Lloyds says cyber attack cost could be as much as worst natural disasters


Lloyds, a British retail, and commercial banking firm have warned that a serious cyber attack could cost the global economy a $120 billion loss- much worse than the loss incurred by natural disasters likes Katrina and Sandy.

Reacting after the Wannacry and NotPetya Ransomware attack, the London based financial services provider recently released a 56-page report which says that the threat posed by such global attacks will surge 100 times in the next decade putting all businesses and governments at risk.

Quoting a most likely scenario, Lloyd’s said that some state funded actors could maliciously hack a cloud services provider with an estimated loss of $53 billion. As this estimate is seen on an average, uncertainty looms around the calculations, as the losses incurred by cyber attacks are often realized to be much higher than predicted.

Thus, Lloyd’s wants to conclude that future cyber attacks could wreak havoc taking the losses to $120 billion- more than what Hurricane Katrina savaged in the year 2005.

Inga Beale, CEO of Lloyds said that the report helps in giving a real sense of the scale of damage a cyber attack could cause to the global economy in near future or the next decade. Beale added that just like some of the worst natural catastrophes, events related to cyber attacks can also severely impact businesses and economies.

So, Beale feels that underwriters should from now on be careful in quoting premiums for cyber attacks. He also felt that the industry should also start focusing on issues which it neglected all these days. 

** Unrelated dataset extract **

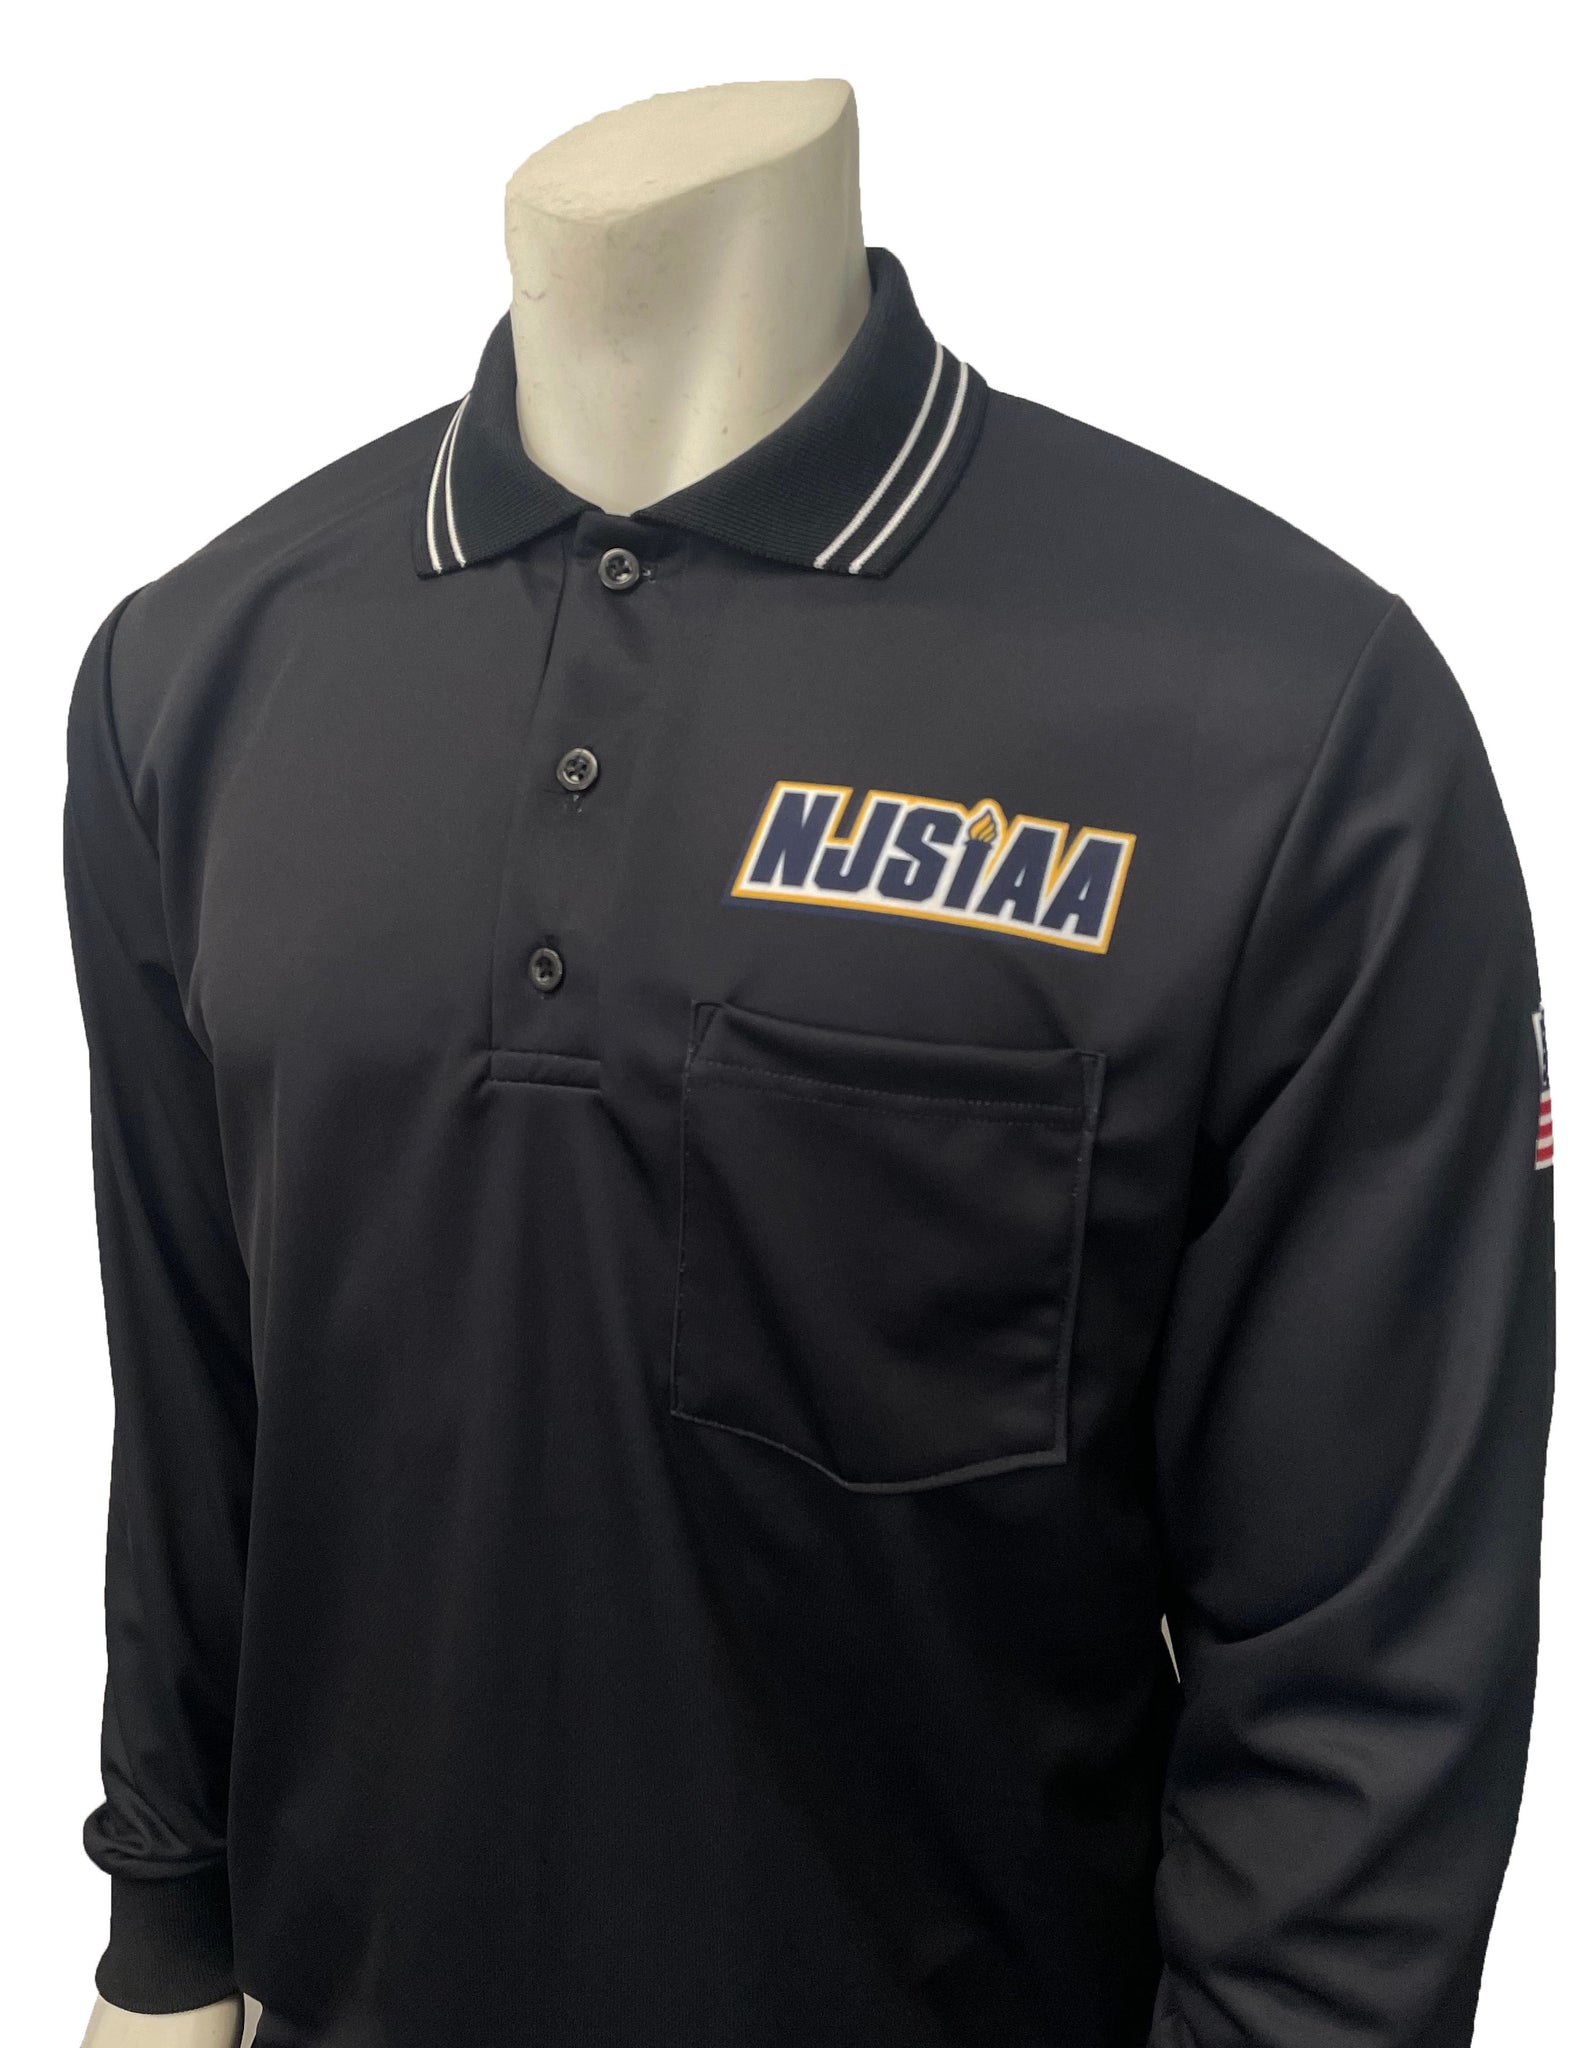 USA301NJ-BLK - Smitty "Made in USA" - NJSIAA Men's Baseball/Softball Umpire Long Sleeve Shirt - Black
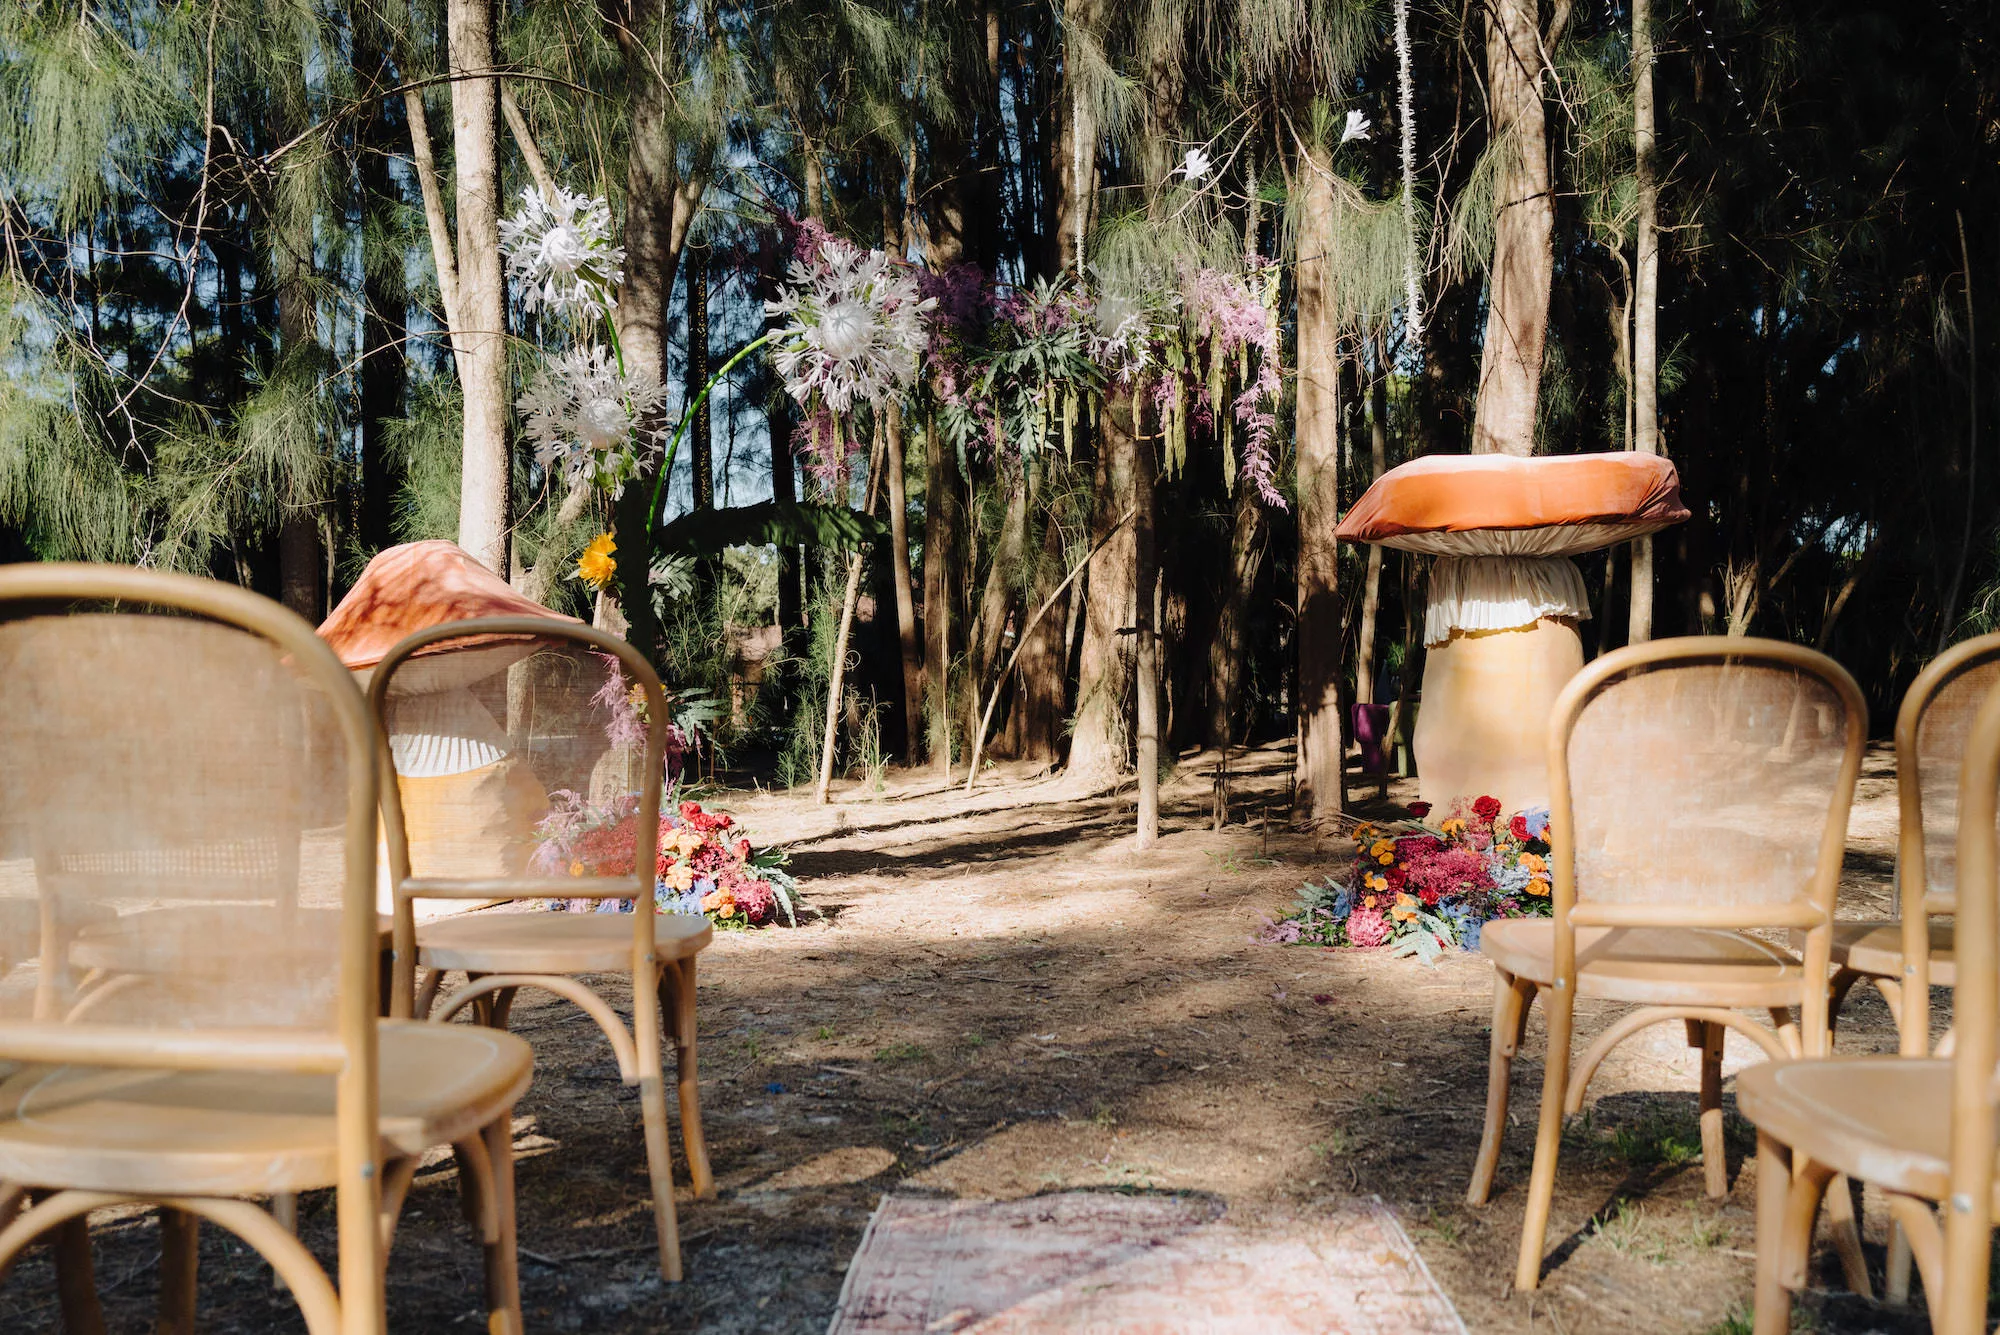 Whimsical Boho Forest Wedding Ceremony Flower Ideas | Mushroom Altar Decor Ideas with Rattan Chairs

Like to cover cyber attacks made on operating systems or not and to include only certain business verticals into the threat radar.

Metamorphically speaking, cyber insurance is a relatively new type of insurance that has emerged in the last few years and Lloyd’s accounts for about a quarter of global premiums.

Though, the said insurance type has been existing from nearly a decade exists, not many companies have so far shown interest in embracing it for some reason or the other.

But as the threat landscape has increased and is being witnessed nowadays, let’s hope that it helps in changing the mindset of companies which otherwise chose not to consider cyber insurance cover for their business till date.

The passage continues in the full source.